Tuesday, November 20, 2007

watching someone sleep

A man once asked me, on the bus, if I would awaken him before he missed his stop. It must have been a Monday, since my son was with me and we were on our way home. The young man said his medications made him very tired, and he just needed to sleep. He was riding from downtown to Broadway and Central.
I said I would let him know when it was time to get off. He settled down immediately, though sleeping on the bus is never comfortable, and had nodded off within moments.
I've known a number of people who took medications for depression that left them dopey much of the day. Other meds too have similar effects, and a person with multiple diagnoses can have a tough time balancing dosages.
Of course, he could also have been self-medicating, recovering from a party, whatever. He wasn't drunk, at any rate, though in addition to looking absolutely exhausted he also seemed in need of a shower.
I watched him a little, as he slept. I like watching people sleep. Also, riding the bus means looking at the backs of people's heads a great deal -- the human in repose at close quarters, known but unknown. I never feel so much aware of the grandeur of the mind as when someone sleeps -- their bodies still, their motivations temporarily suspended, what is left is the vast interior space. Dreaming or no, neurons fire off echoes of earlier experience, repeating and learning and storing up impressions for use in waking life. It's all in there, rattling around the endless architecture of memory, and in this young man's mind I now too had a place.

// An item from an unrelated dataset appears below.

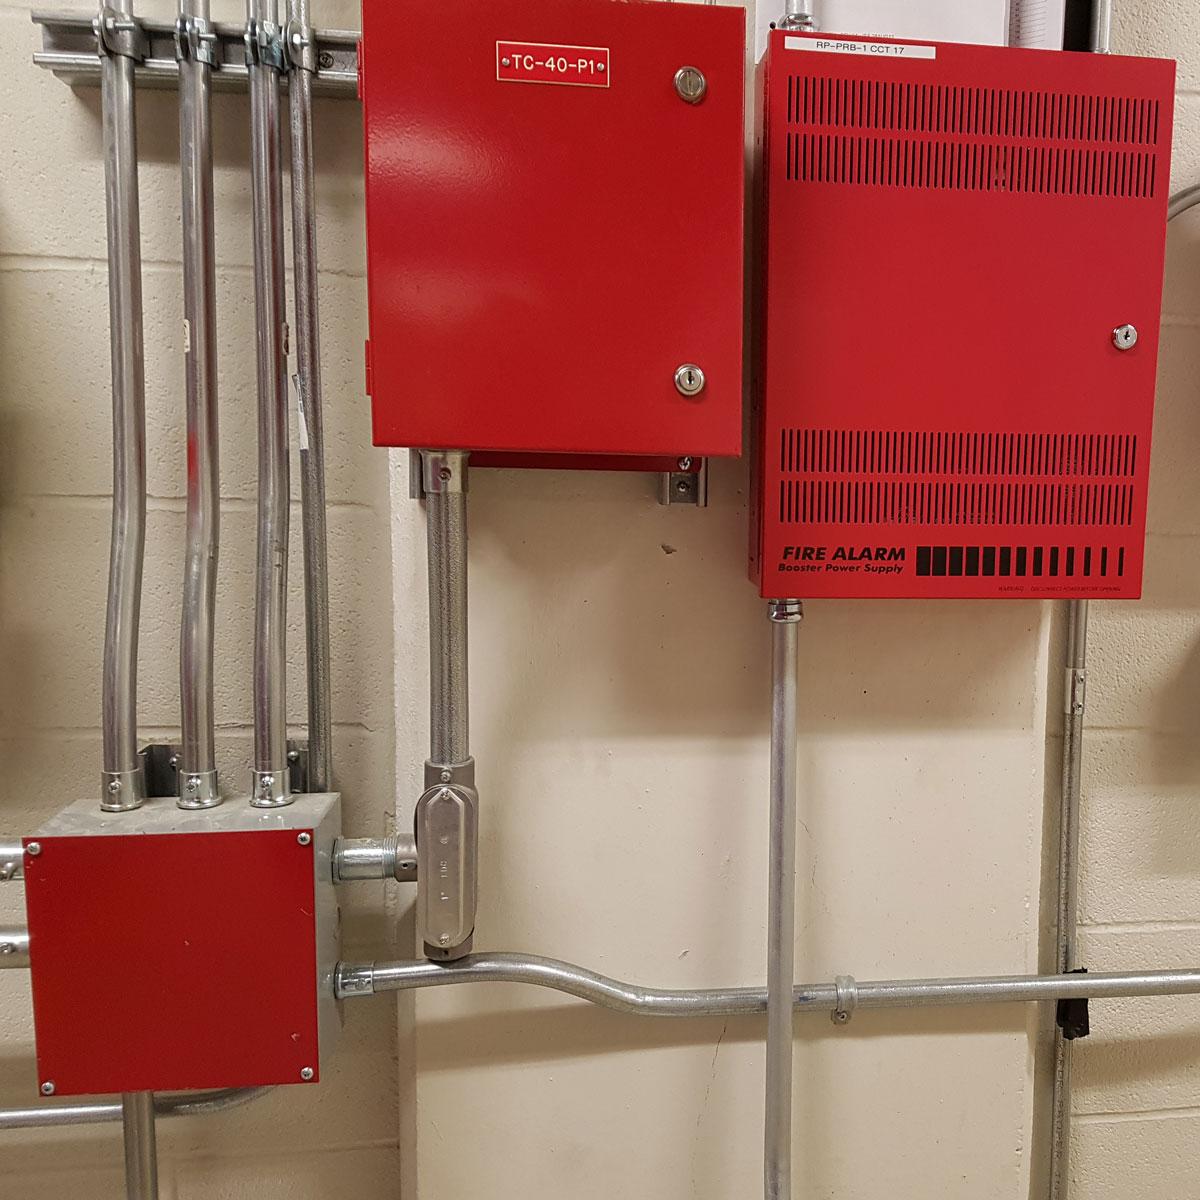 Electrical Service: Fire Alarm

Whether or not he remembered me a day later, I'm still in there somewhere -- mind at the center of all contains within it all that it is center of.
He responded groggily, reluctant but ready, when I tapped him on the knee. For a moment his eyes rested on me without registering my purpose, and I felt the distance between us -- felt the odd intimacy of being the first face he saw on waking.
We are always at close proximity to one another, and only our adherence to resistance and denial keeps this kind of intimacy at bay.